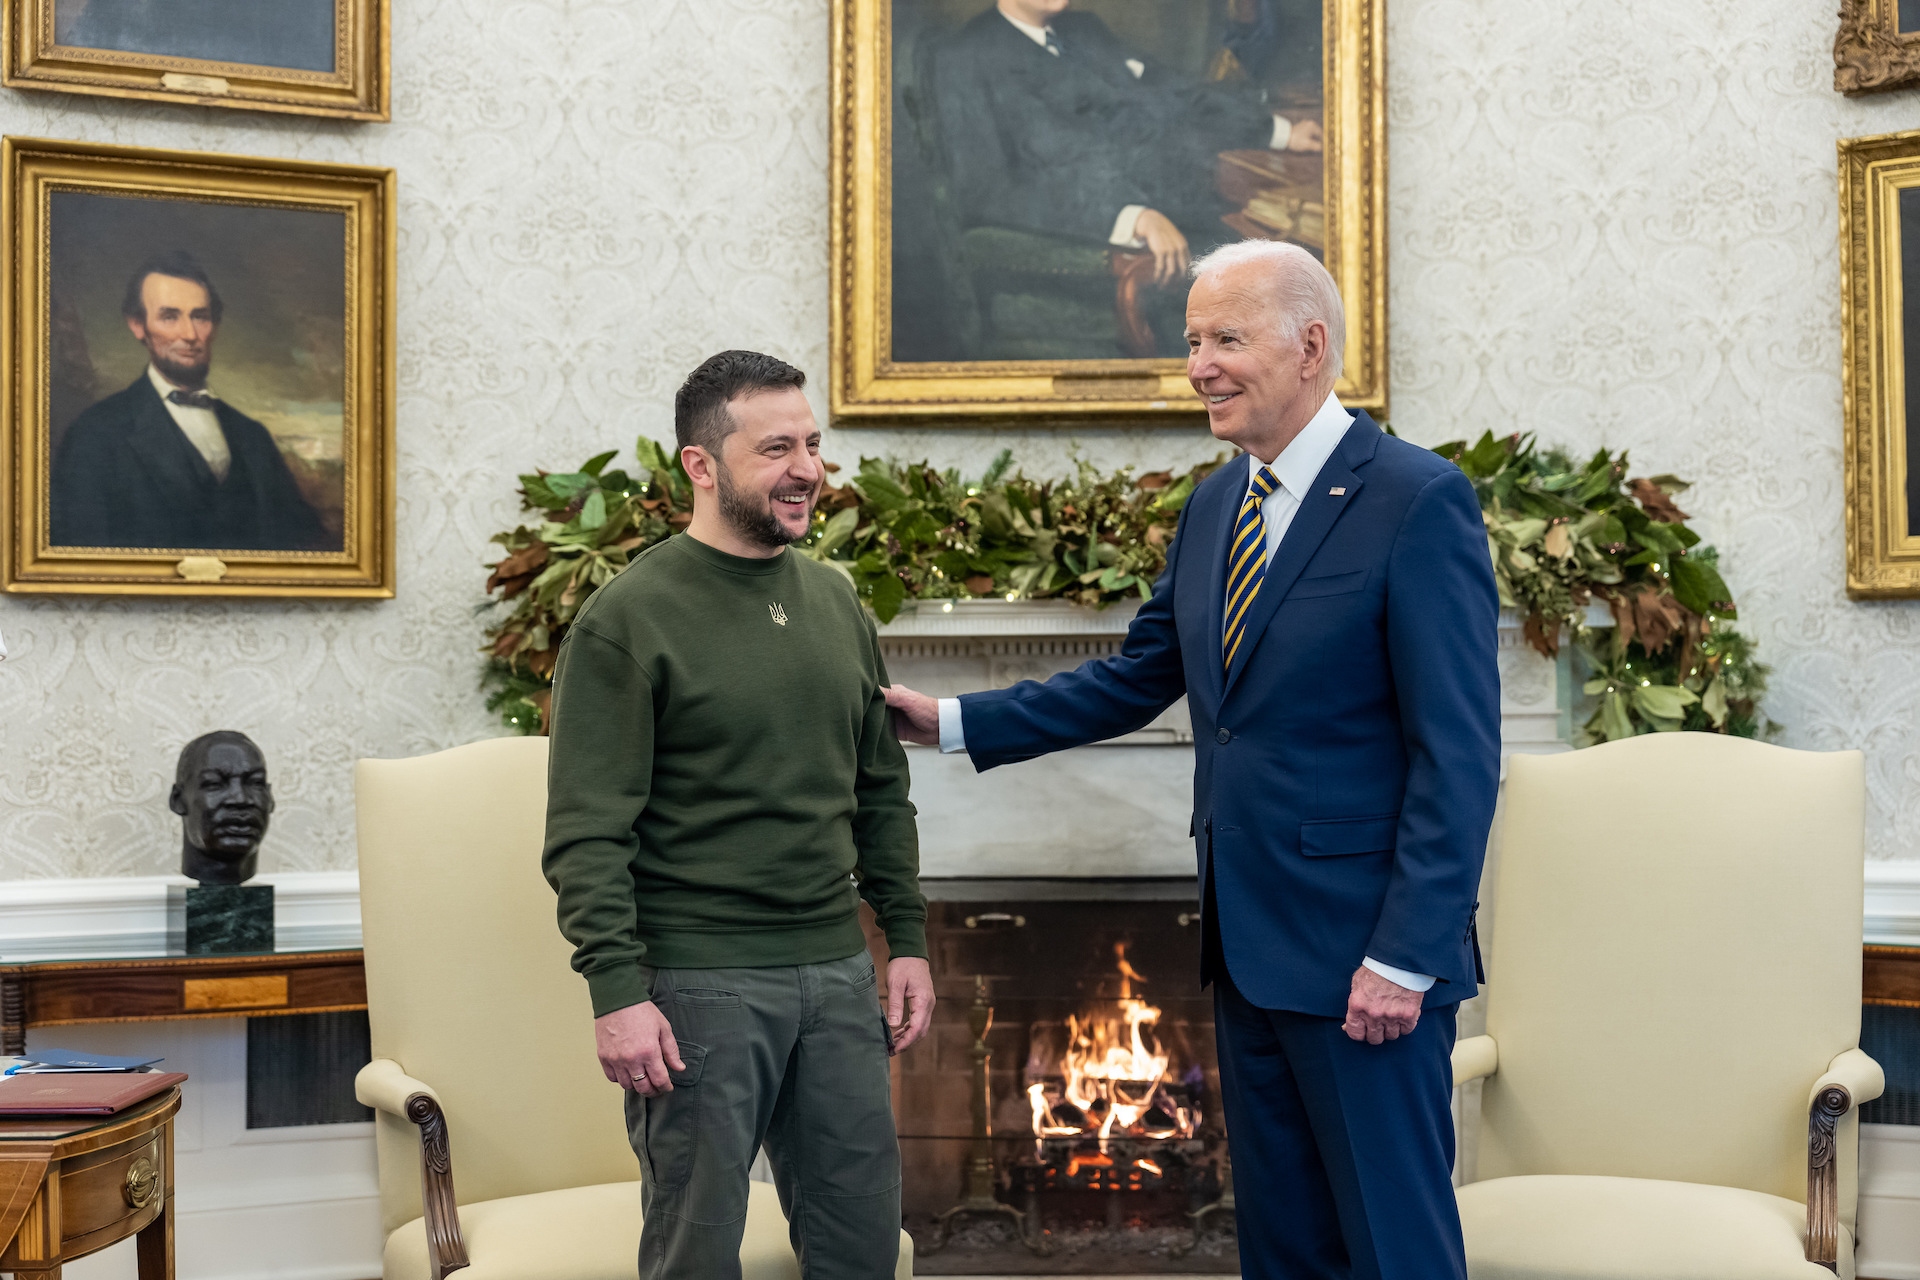 Bild: President Joe Biden and President Volodymyr Zelensky in the Oval Office of the White House 2.jpg, The White House, Public domain, via Wikimedia Commons (Bildgröße verändert)
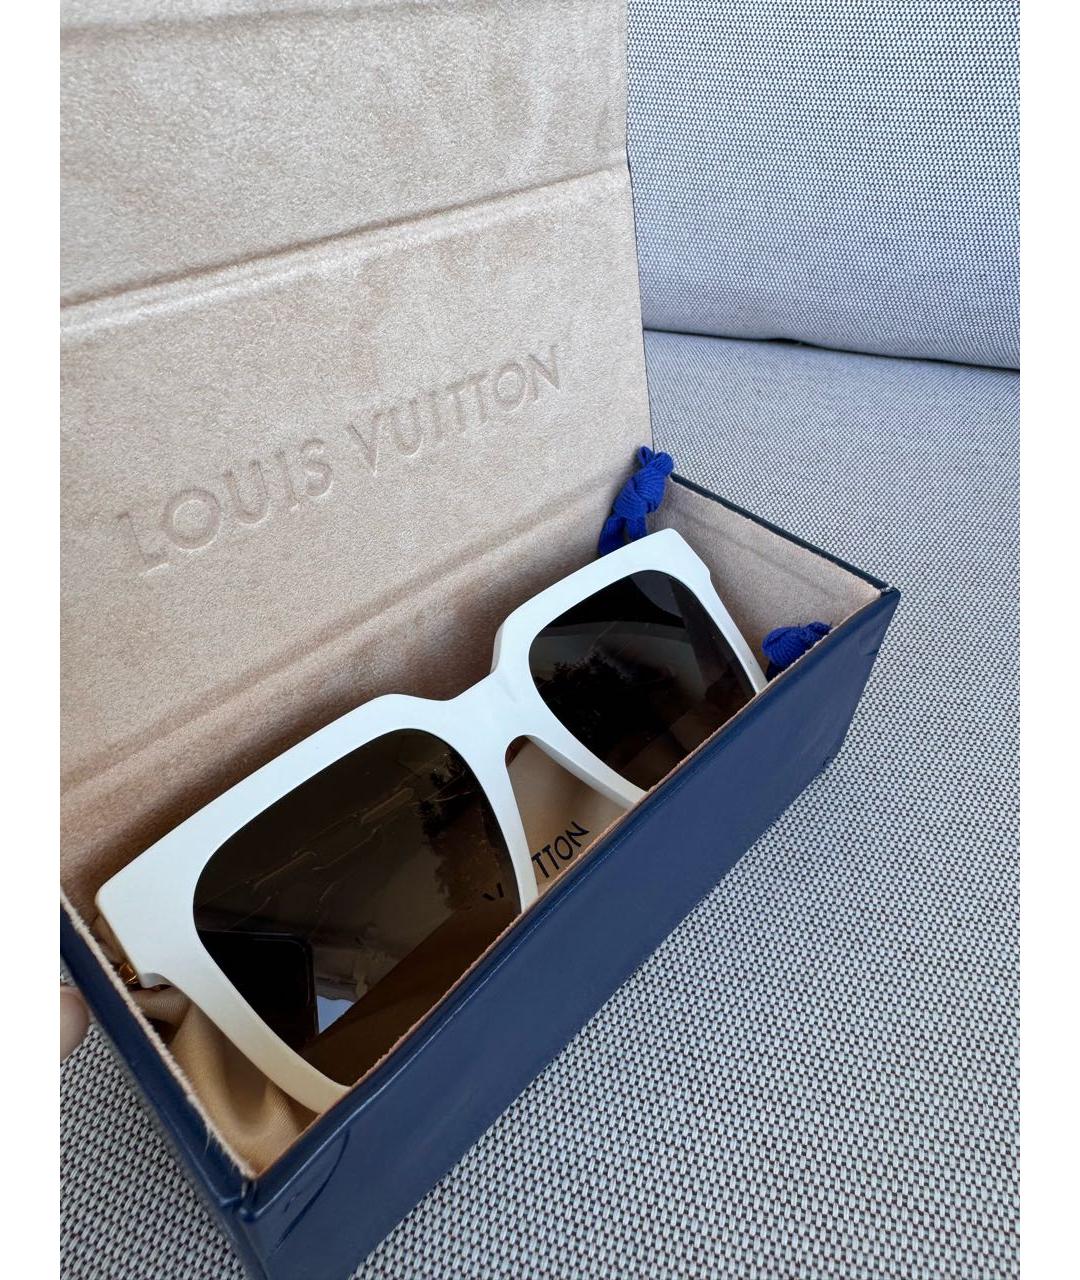 LOUIS VUITTON PRE-OWNED Белые пластиковые солнцезащитные очки, фото 4
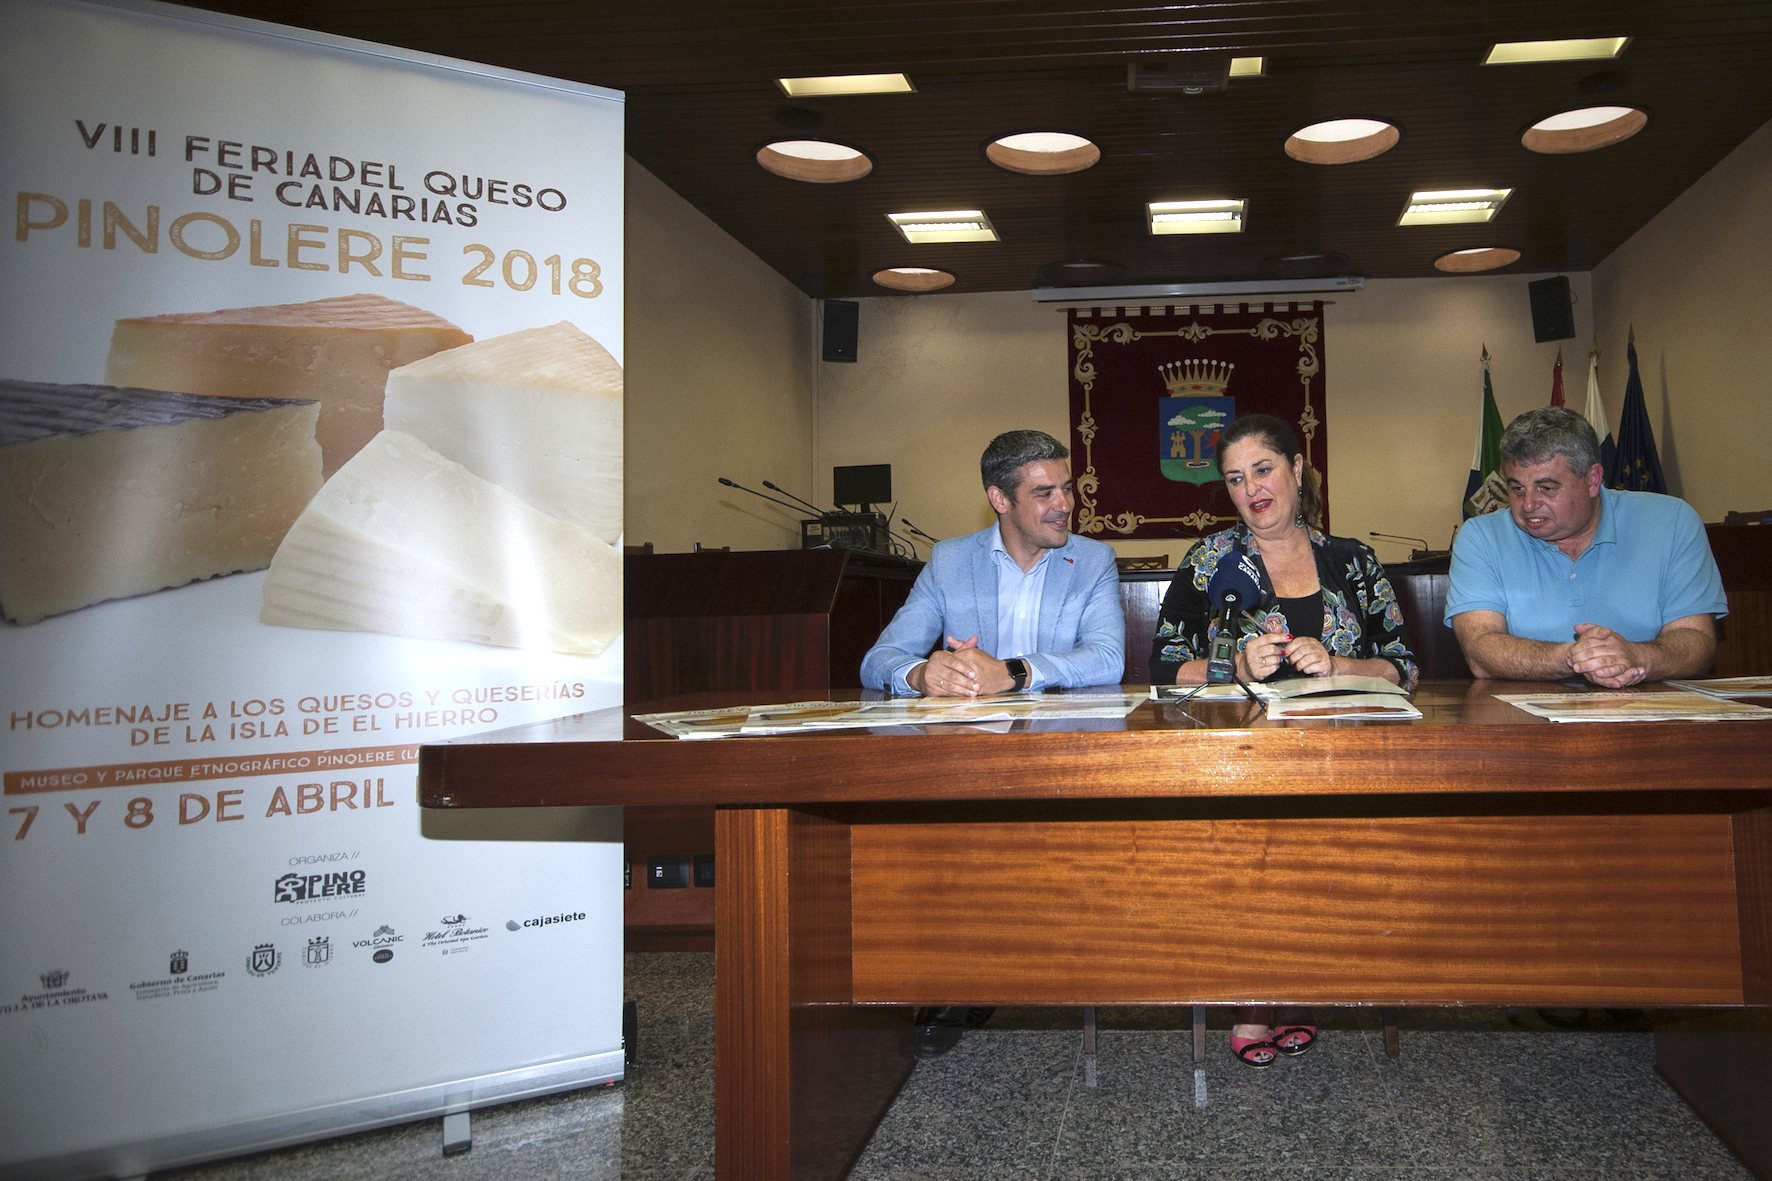 Presentado el cartel de la VII Feria del Queso de Canarias Pinolere 2018
--
▶ [About this task]: The output must start at the line holding "LOUIS VUITTON PRE-OWNED", end at the last line of the listing above, and show each line exactly; please omit all pictures.

▶ [Written solution]:
 LOUIS VUITTON PRE-OWNED Белые пластиковые солнцезащитные очки, фото 4
 Presentado el cartel de la VII Feria del Queso de Canarias Pinolere 2018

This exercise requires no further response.